図6に示す従来のシール付きアンギュラ玉軸受では、内輪と、外輪と、それら内外輪間に介在する複数の転動体と、これら転動体を円周方向等間隔に保持する保持器と、シールとを主要な構成要素としている。背面側のシール50のリップは、シール溝51と軽接触しており、正面側のシール52は非接触シールであり、これらシール50,52により軸受内部の封入グリースを保持し外部からの異物侵入を防止する。
【先行技術文献】
【特許文献】
【0003】
【文献】特許第4895754号公報
【発明の概要】
【発明が解決しようとする課題】
【0004】
低トルク、低発熱性を実現するため、先行技術のように非接触シールとしたが(特許文献1)、この先行技術では耐クーラント性(耐クーラント浸入性)が無く、ボールねじ支持用軸受には適切でない。
【0005】
この発明の目的は、耐クーラント性を確保しつつ低トルクおよび低発熱性を実現することができる転がり軸受を提供することである。
【課題を解決するための手段】
【0006】
この発明の転がり軸受は、内外輪間に介在する複数の転動体が保持器に保持され、これら内輪および外輪間の軸受空間を塞ぐシール部材が前記外輪に取付けられ、前記内輪の外周面における軸方向外側部分に環状溝が設けられ、前記シール部材は前記環状溝にリップが非接触となる非接触シールである転がり軸受であって、
前記シール部材の内周側部分は、軸方向外側端面に軸方向内側に凹むR面が形成されたシール基端部と、このシール基端部に繋がる前記リップとを備え、このリップは、前記シール基端部の内径側端部に繋がる主リップ、および前記シール基端部の内側面部分に繋がり軸方向内側に突出する副リップを有し、この副リップの先端部と前記環状溝の内側溝壁面との間でラビリンスシールを形成しており、
前記主リップの先端部を、前記シール部材におけるシール部材本体の軸方向外側端面よりも軸方向内側にオフセットし、前記シール部材本体の軸方向外側端面から、前記主リップの先端部までの軸方向距離A1と、前記シール部材本体の軸方向外側端面から前記副リップの先端部までの厚さA2との比A1/A2が0.25~0.50であり、かつ、前記シール部材本体の軸方向外側端面を、軸受端面よりも軸方向内側にオフセットした。
【0007】
この構成によると、主リップの先端部を、シール部材本体の軸方向外側端面(シール端面)よりも軸方向内側にオフセットしたため、クーラントが飛散する環境下において、前記クーラントがシール端面を伝って浸入し難くなる。

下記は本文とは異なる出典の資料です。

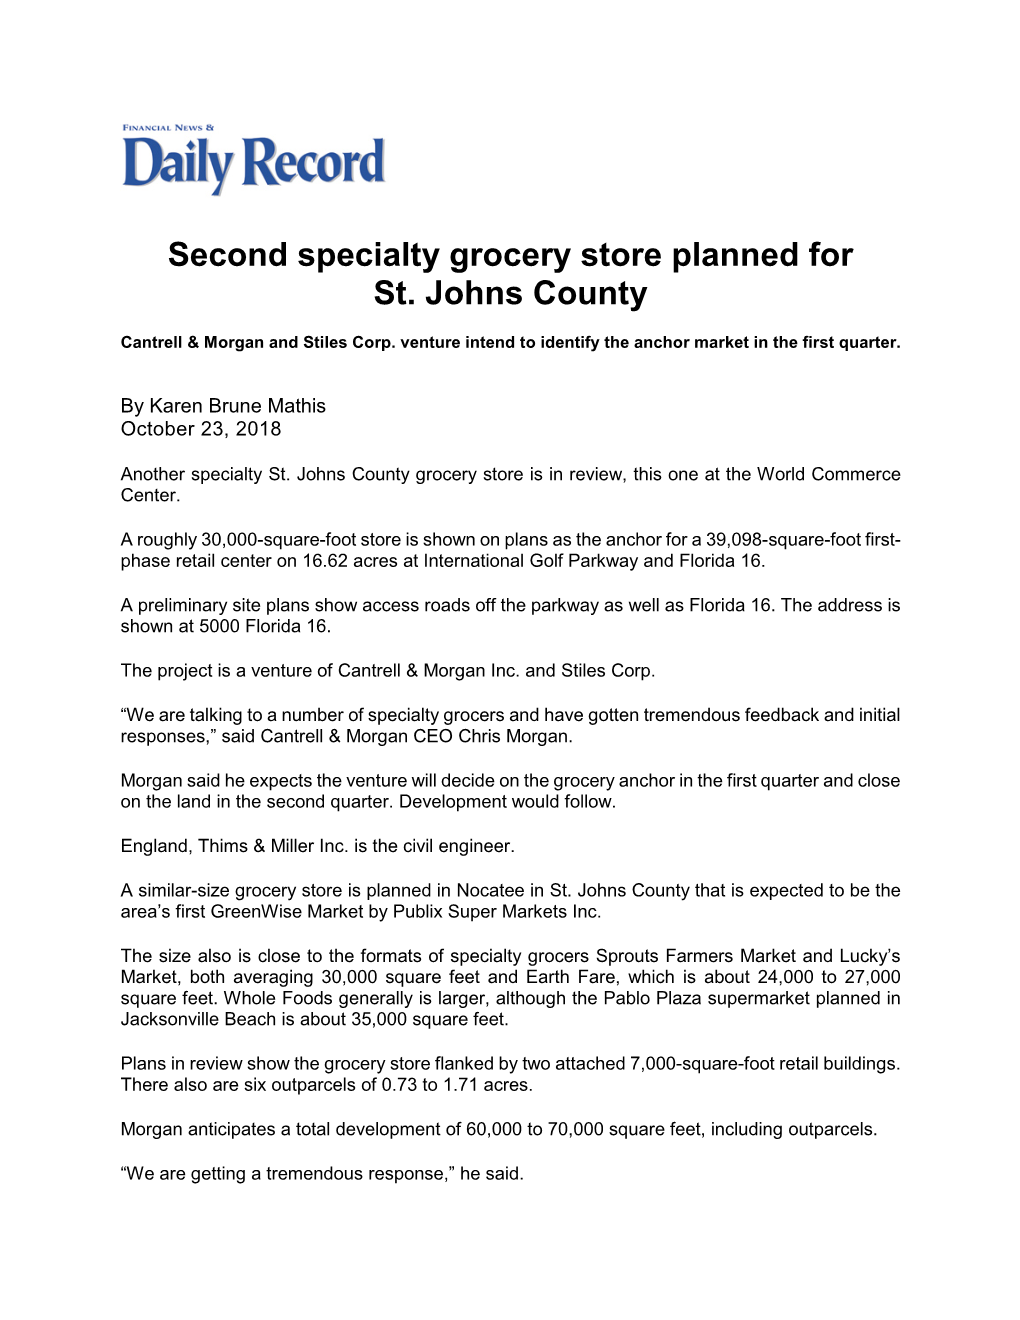 Second Specialty Grocer Planned For
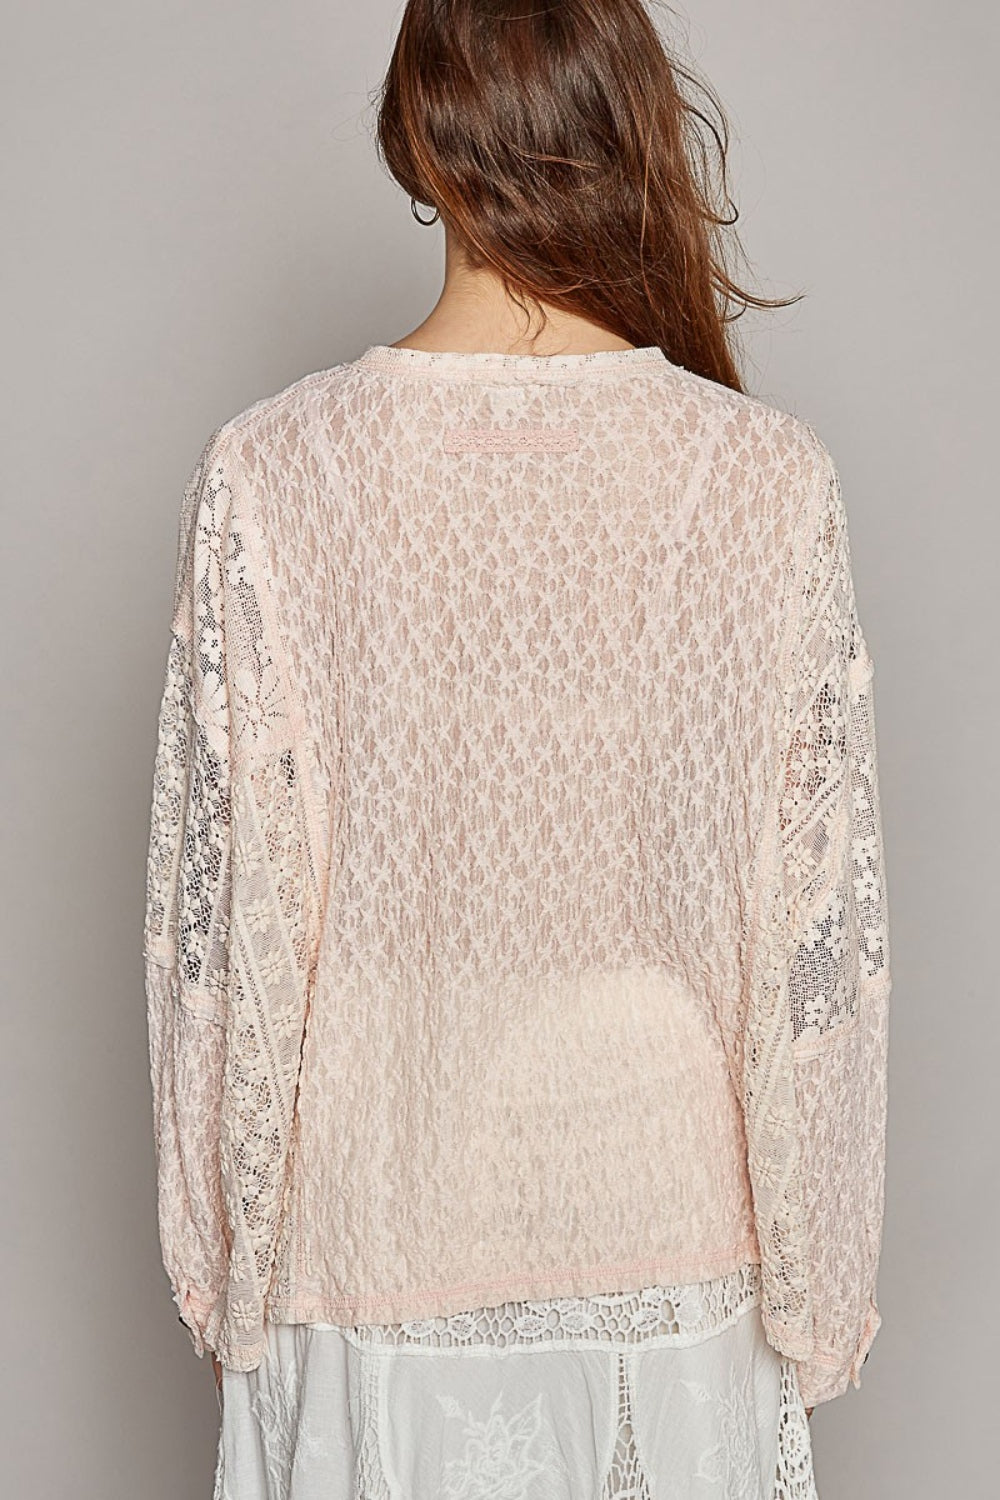 POL Round Neck Long Sleeve Raw Edge Lace Top - Three Bears Boutique

またシール基端部には、軸方向外側端面に軸方向内側に凹むR面が形成されたため、前記R面にて水の流れが渦巻くように動く。これによりシール部材にクーラントがかかった際に軸受内部に入り難くすることができる。
【0008】
上記構造より耐クーラント性が向上することで、非接触シールを採用することが可能となり、従来よりも低トルクおよび低発熱性の向上を図ることができる。
主リップの先端部をオフセットし過ぎた場合((A1/A2)>0.5)、クーラントがシール部材にかかった際に内部に浸入し難くするための、換言すれば、R面の対流効果を生むことによる、最適なR面を形成できなくなり、耐クーラント性が低下する。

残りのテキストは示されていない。